You’ve accepted the fact that you are single. Nay, you’ve embraced it! You love living the single life and all the bonuses that come with it (You don’t have to share the bed! You can keep your apartment at whatever temperature you want!). However, certain things in life exist solely to remind you of your relationship status. And each one of these instances has left you saying to yourself, “I am single AF.”
1. Getting invited to a wedding and being graciously given a plus-one. But instead, you’re like, “Can I bring a bottle of sauvignon blanc as my plus-one?” You don’t mind going to weddings alone, really, you don’t. But having to send the RSVP card back to the bride with a big fat X over the box for “will be enjoying my tenderloin alone and will also probably die alone while we’re at it” gets more painful and real each time.
2. Bouquet tosses. While we’re on the topic of weddings, why must every wedding do the bouquet toss to the “Single Ladies” song? You used to love that song but now as soon as it comes on, the dance floor parts like the Red Sea and everybody turns and stares at you, the lone single lady who will probably still not catch the bouquet.
3. When your best friend gets a boyfriend. NNNOOOOOOOOooOOoOOooo! R.I.P., Friday night wing woman, Saturday afternoon brunch buddy, and happy hour homie. T’was real while it lasted.
4. Your kitchen pantry. It’s basically a leaning tower of Easy Mac boxes and approximately nine bottles of wine you’ve stocked up on. And your fridge is full of leftover takeout food that you hold on to so your kitchen appliances don’t look completely empty and barren, like your love life.
5. Recipes that yield two servings. You decide to actually cook for once, but every recipe makes enough food for you and the boyfriend you don’t have. Why, god, why? Is it that hard to make recipes with measurements for single people so you don’t have to be further single-shamed by your penne pasta? The only upside to this is having dinner ready for the rest of the week. Let’s be real, you didn’t have plans anyway.
6. When even what’s-her-name on Facebook gets engaged before you. A new day, a new Facebook notification that everyone except you is happily engaged. Or already married. Or on kid no. 5.
8. Having to list an emergency contact on forms. Let’s see, there’s that guy you met on Bumble who you’re kind of texting, or your best friend who is now married and pregnant. Or maybe you should jot down your mom’s name for the 50th time. All you really want is to get your eyebrows waxed in peace, dammit.
9. Your mom. She loves to pry and loves reminding you how bad she wants grandkids even more.

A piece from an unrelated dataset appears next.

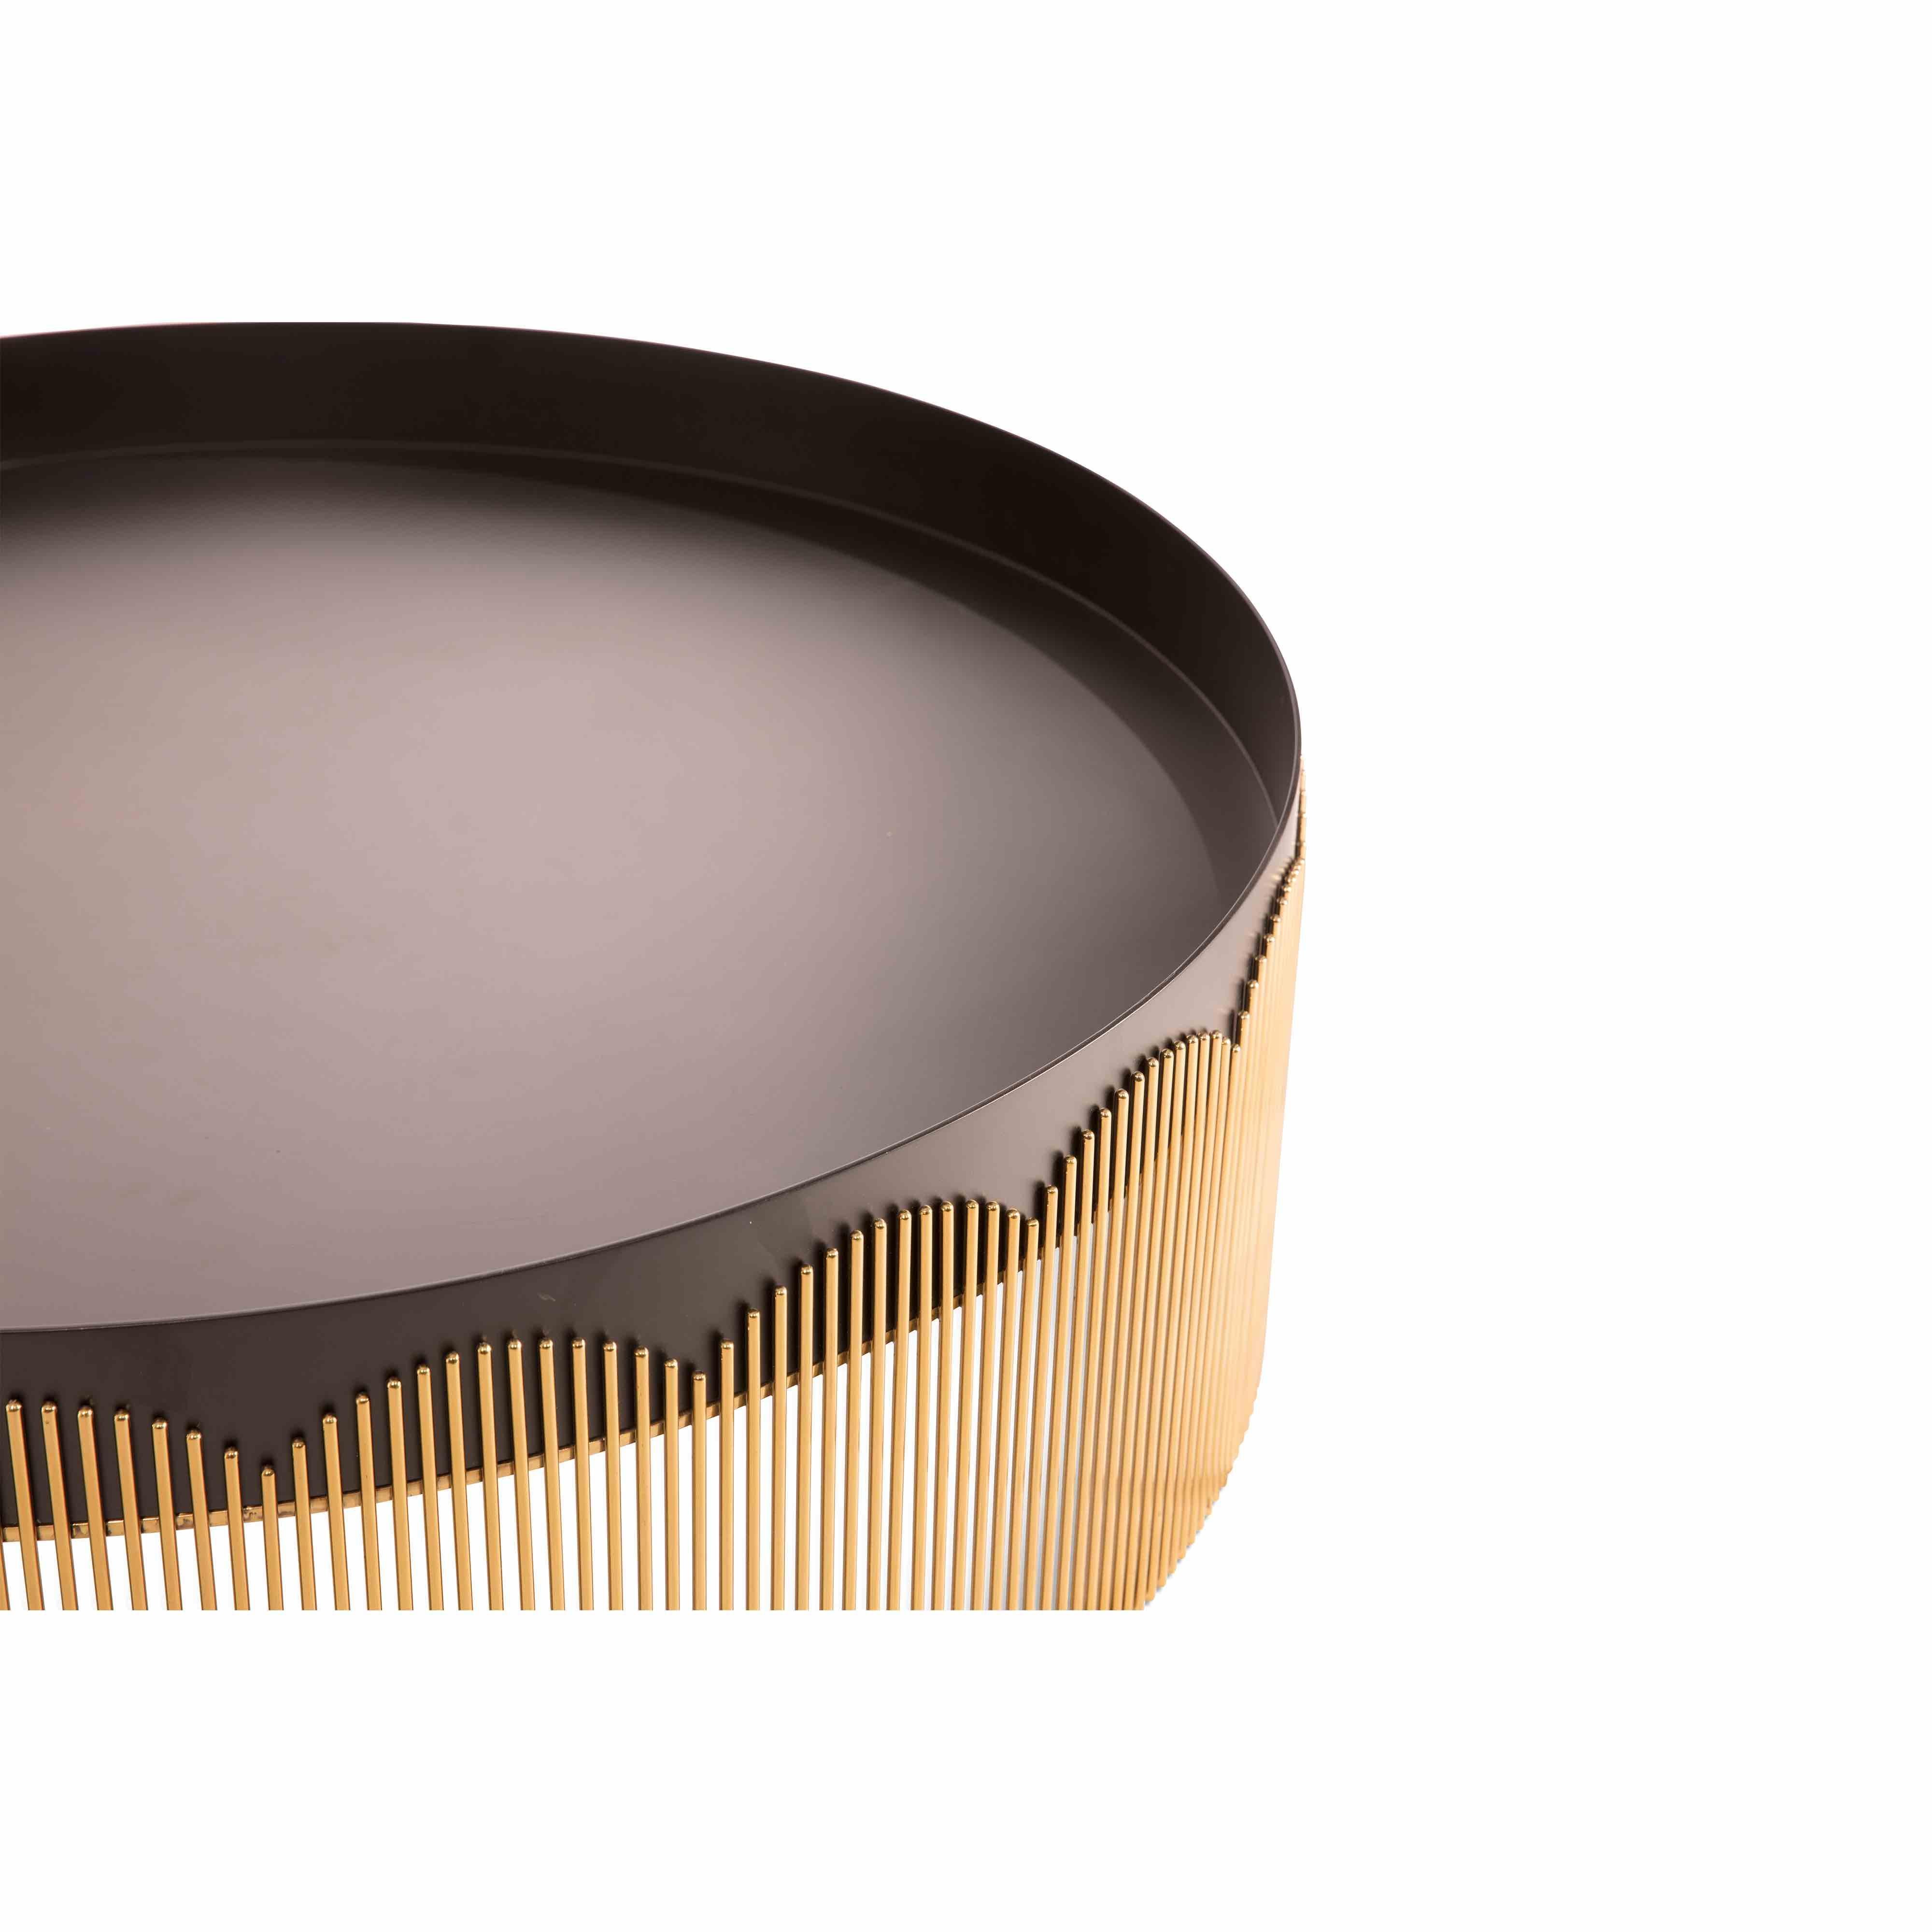 Strings gold and black metal coffee table by Nika Zupanc, is elegant in its lace-like gold, steel base with matt black tray top.

The word strings evokes a vision of lightness in our minds. Be it the strings of a musical instrument or textile

She says things like, “I’m not gonna live forever, you know,” and, “When I was your age, I was married with two kids!” If ever you’re feeling good about where you are in the single life, don’t go visit your parents.
10. Family vacations. Your siblings all bring their significant others, but you are flying solo (literally) in a middle seat between a baby who won’t stop crying and an old man who won’t stop snoring. Your parents always encourage you to bring a friend but you respectfully decline because you don’t need their pity.
11. When you find a cockroach or something in your apartment. The only person who can deal with it is you. Same goes for clogged drains and broken toilets. You’re on your own.
12. Fall. With all the hayrides, apple picking, and new TV show line-ups, fall (aka cuddle season) is a great time for couples. But that doesn’t mean you’ll be sitting around and sulking. You’ll be spending that time prepping your badass Harley Quinn Halloween costume so you can put all the couples’ costumes to shame.
13. Clothes that are hard to put on by yourself. Dresses with hard-to-reach back zippers. Those stupid hook and eye clasps. Super-tight body-con dresses. Theses things are too hard to put on/take off by yourself, so you give up and wear something else instead.
14. Bad dates. You finally decide to go out with someone, only to realize you’d be much happier cuddled up alone on your couch with your mermaid blanket watching The Bachelor with a glass of rosé and a giant tub of hummus than listen to him talk about himself any longer. Being single is better if that’s the alternative.